Para o dirigente, a crise sanitária fez as pessoas perceberem a importância do sistema de saúde público brasileiro e até políticos que votaram em medidas que prejudicam o sistema aparecem usando o colete do SUS.

“O ministro da saúde, Luiz Henrique Mandetta, surfa politicamente. Mas, ele é um dos inimigos do SUS. Ele acabou com a Atenção Básica da Família, os grupos de saúde familiar e o Mais Médicos. Mandetta é responsável junto com Paulo Guedes [ministro da Economia] e Jair Bolsonaro por retirar, nesse governo, mais de 20 bilhões da saúde”, afirma José Carlos de Oliveira

O dirigente lista ainda uma série de serviços públicos essenciais para conter a pandemia do coronavírus que foram sucateados e desmantelados pelos governos de Michel Temer (MDB-SP) e Bolsonaro (sem partido).

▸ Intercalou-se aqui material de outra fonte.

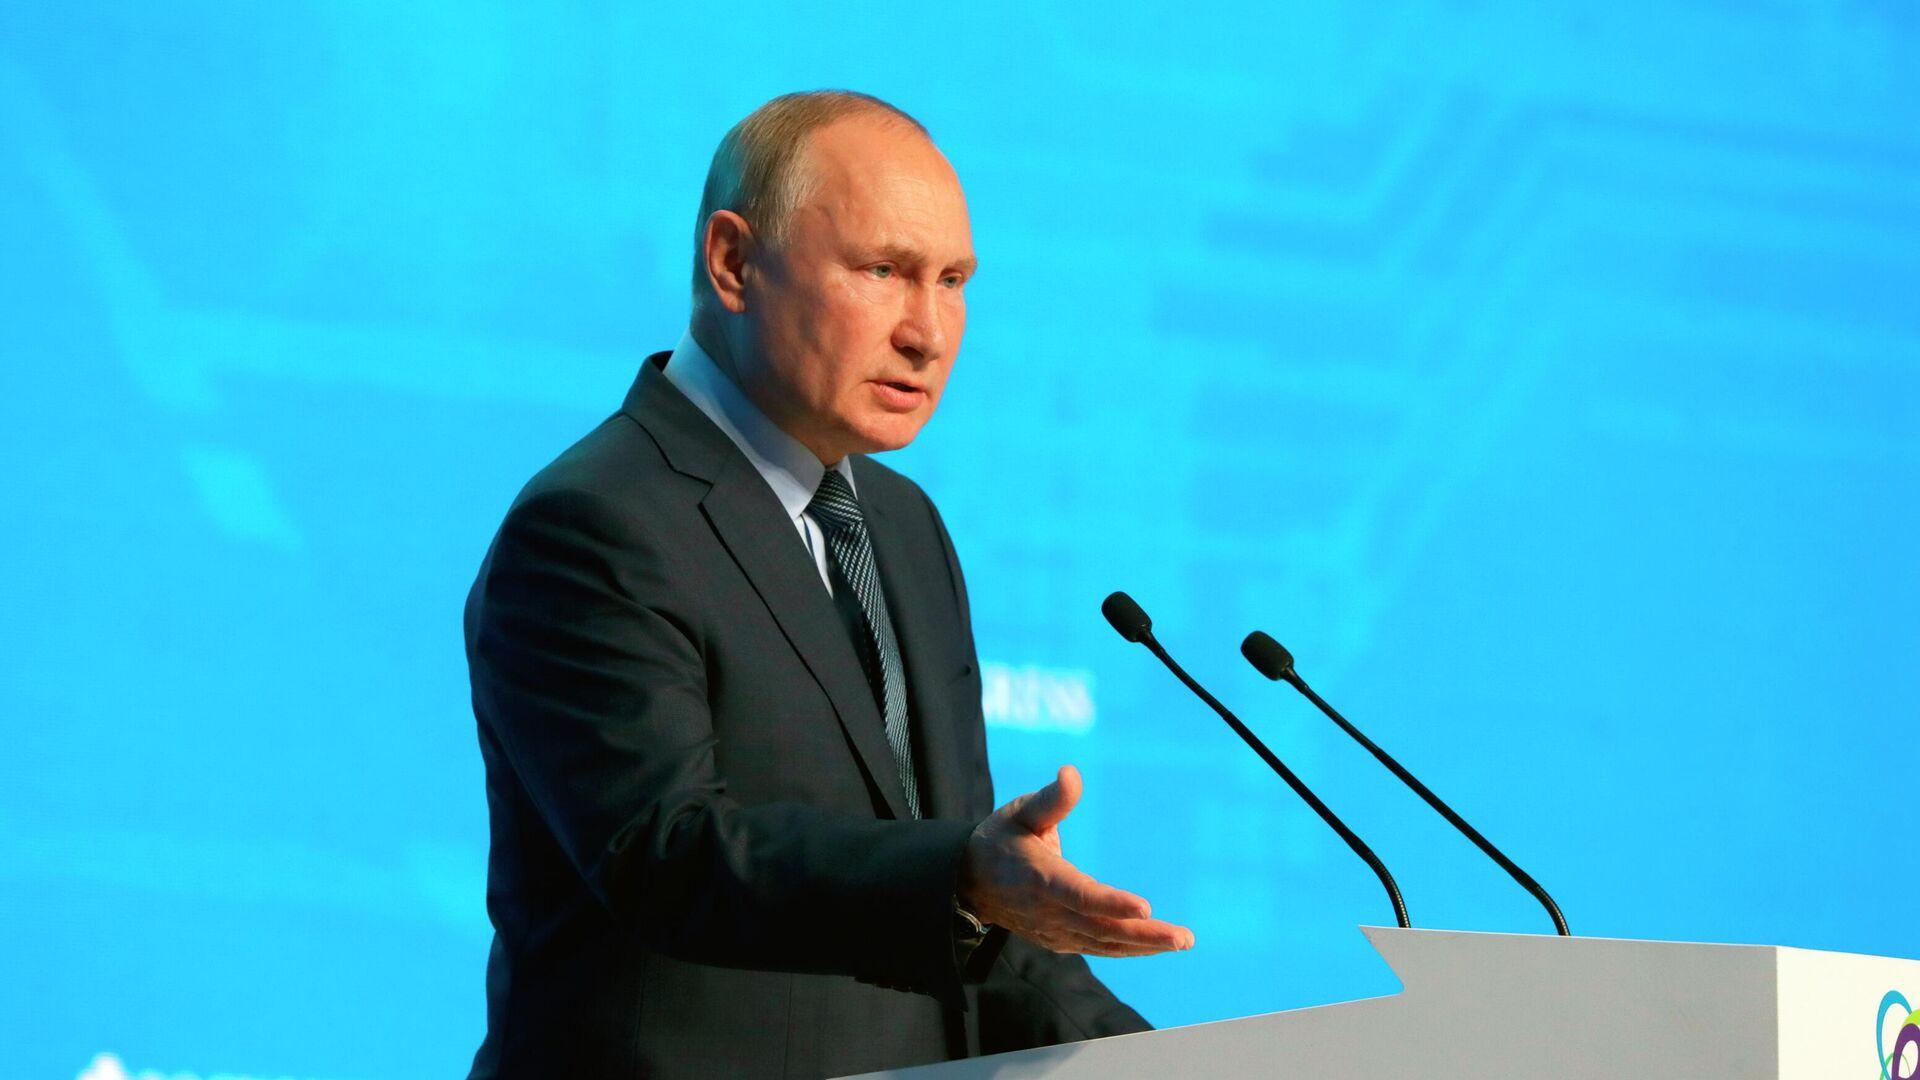 Слова Путина о США показались американцам насмешкой

Segundo José Carlos, não dá para discutir o combate à pandemia sem discutir uma gama de serviços que estão atrelados diretamente à qualidade de vida das pessoas e tem uma transversalidade direta com a saúde, como é o caso do saneamento básico, fundamental no momento para manter as pessoas em casa, com água tratada.

O mesmo, diz o dirigente do Sindsep/PE, acontece em relação à fiscalização dos alimentos, dos vegetais e das proteínas animais feitas pelos fiscais do ministério da Agricultura, à Vigilância Sanitária, à Segurança Alimentar, feita pela Companhia Nacional de Abastecimento, ao INCRA em relação à agricultura familiar, que põe a comida na mesa dos brasileiros. Todos esses serviços públicos que são importantes para ajudar no combate à pandemia vêm sendo vilipendiados pelo governo.

Outros pontos fundamentais para o dirigente são a necessidade de fortalecer o papel do extinto ministério do Trabalho, para exercer uma fiscalização maior em época de desemprego, o papel da ciência, da tecnologia e até da arrecadação da União.

“Quem arrecada é o servidor público e sem arrecadação não se pode avaliar as condições do patrimônio da União, que é imenso. Não dá para enfrentar essa pandemia sem investimentos na ciência e tecnologia, que são sucateados por esse ministro maluco que agora quer jogar fora milhões de dólares do PIB [Produto Interno Bruto] brasileiro em decorrência das relações com a China”, diz ao lembrar as declarações do ministro da Educação, Abraham Weintraub, que acusou, nas redes sociais, a China de ser a responsável pela transmissão do coronavírus, por interesses econômicos.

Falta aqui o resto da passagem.